Windows ML is the unified and high-performance local AI inferencing framework for Windows, powered by ONNX Runtime. With Windows ML, you can run AI models locally and accelerate inference on NPUs, GPUs, and CPUs through optional execution providers that Windows manages and keeps up to date. You can use models from PyTorch, TensorFlow/Keras, TFLite, scikit-learn, and convert them to ONNX to use them with Windows ML.
Windows ML is Microsoft's recommended local AI inferencing framework for Windows — the official, Windows-native way to run custom and open-source AI models on Windows PCs, with hardware-accelerated inference across CPU, GPU, and NPU. It's built and optimized for Scale, Performance, and Deployment across the Windows ecosystem.
- Run AI on-device — models run locally on the user's hardware, keeping data private, reducing latency, eliminating cloud costs, and working without an internet connection.
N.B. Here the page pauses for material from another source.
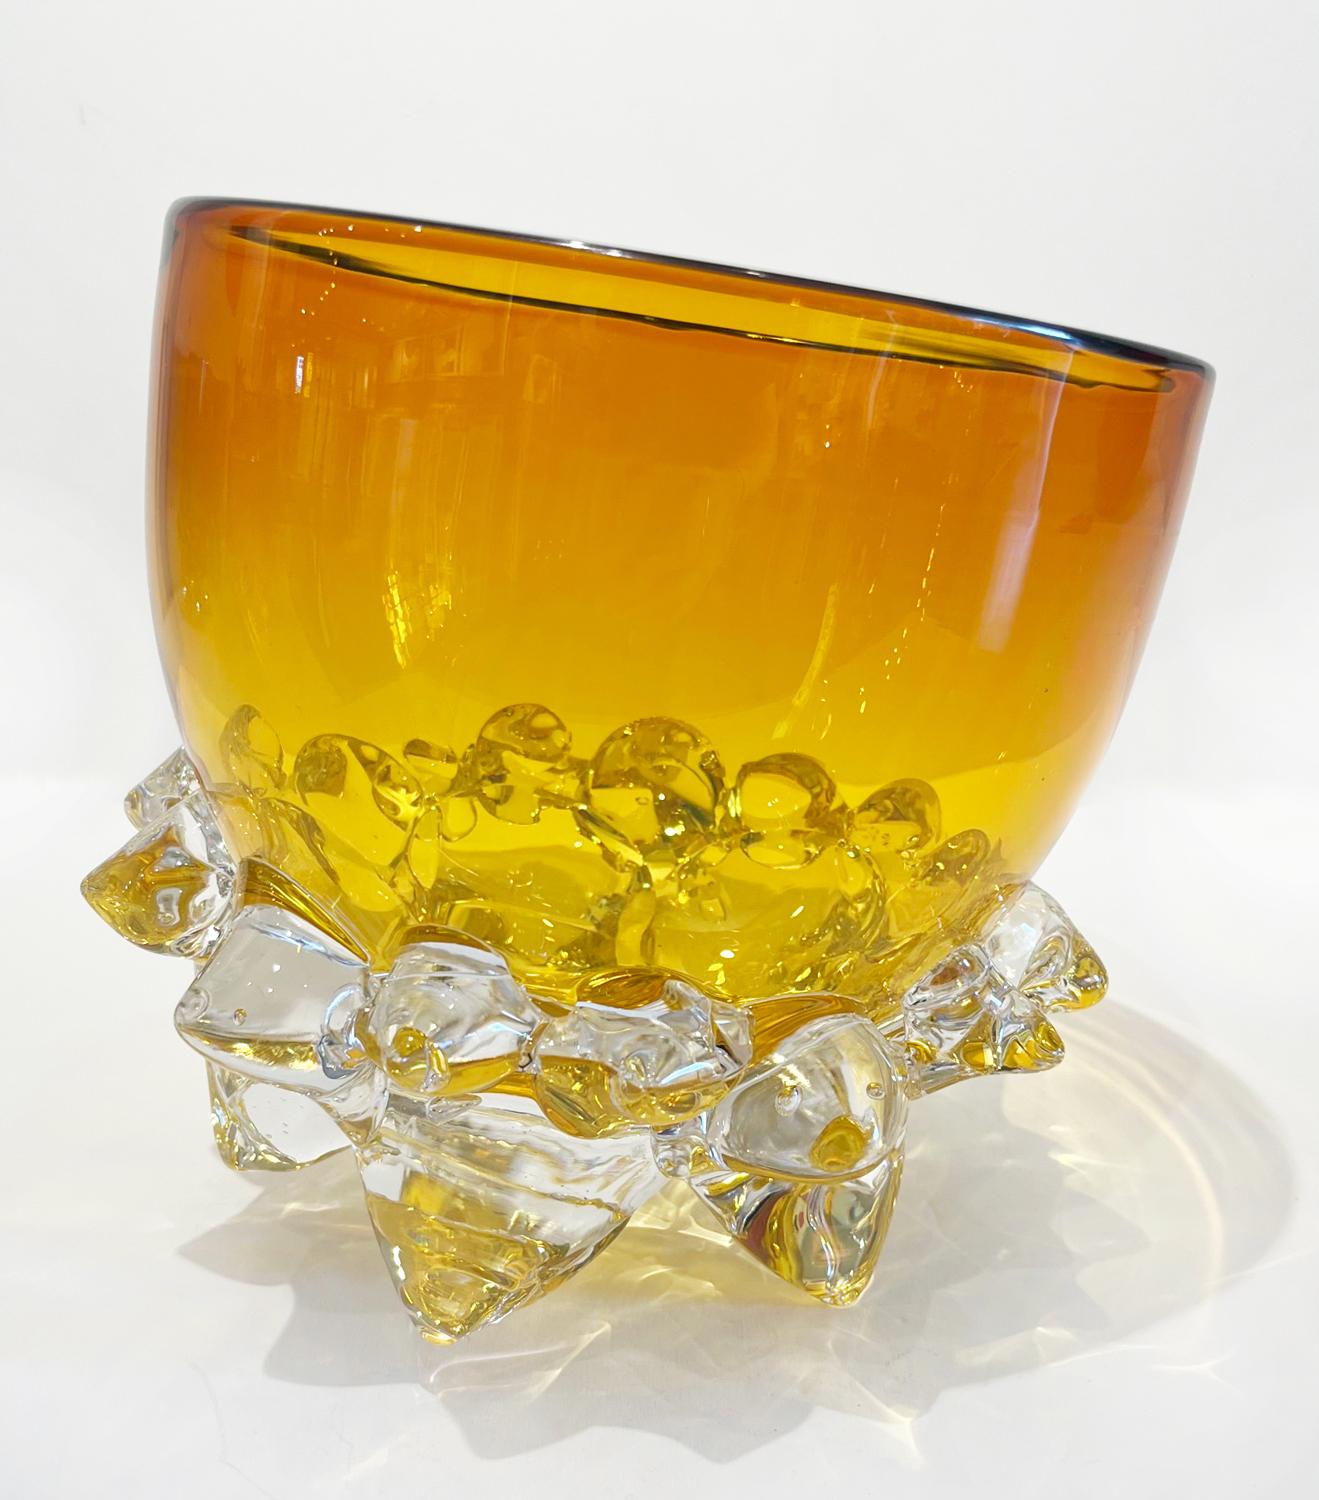 7" Glass Thorn Vessel, Gold topaz, art glass bowl - Art by Andrew Madvin

- Use models you already have — bring models from PyTorch, TensorFlow, scikit-learn, Hugging Face, and more, convert them to ONNX, and use them with Windows ML.
- Scale across silicon - Windows ML is powered by ONNX Runtime and offers broad hardware support, so you can scale your workloads across Windows PCs with any hardware configuration.
- Hardware acceleration, facilitated by Windows — Windows ML allows you to access NPUs, GPUs, and CPUs via execution providers that Windows installs and keeps up to date — no need to bundle them in your app.
- One runtime, many apps — optionally use Windows ML as a shared system component, so your app stays small and all apps on the device share the same up-to-date runtime, rather than every app bundling its own copy.
- Windows-supported — regardless of how you deploy, you get Windows-maintained, optimized runtime dependencies built for stability across updates.
- Best-in-class performance — Windows ML delivers performance on par with dedicated SDKs like TensorRT for RTX or Qualcomm's AI Engine Direct. See Accelerate AI models for hardware and model-specific guidance.
To learn about the benefits of using Windows ML compared to ONNX Runtime directly, see the Windows ML docs.
To get started with Windows ML, see our documentation on Microsoft Learn.
Windows ML code samples can be found on our documentation on Microsoft Learn.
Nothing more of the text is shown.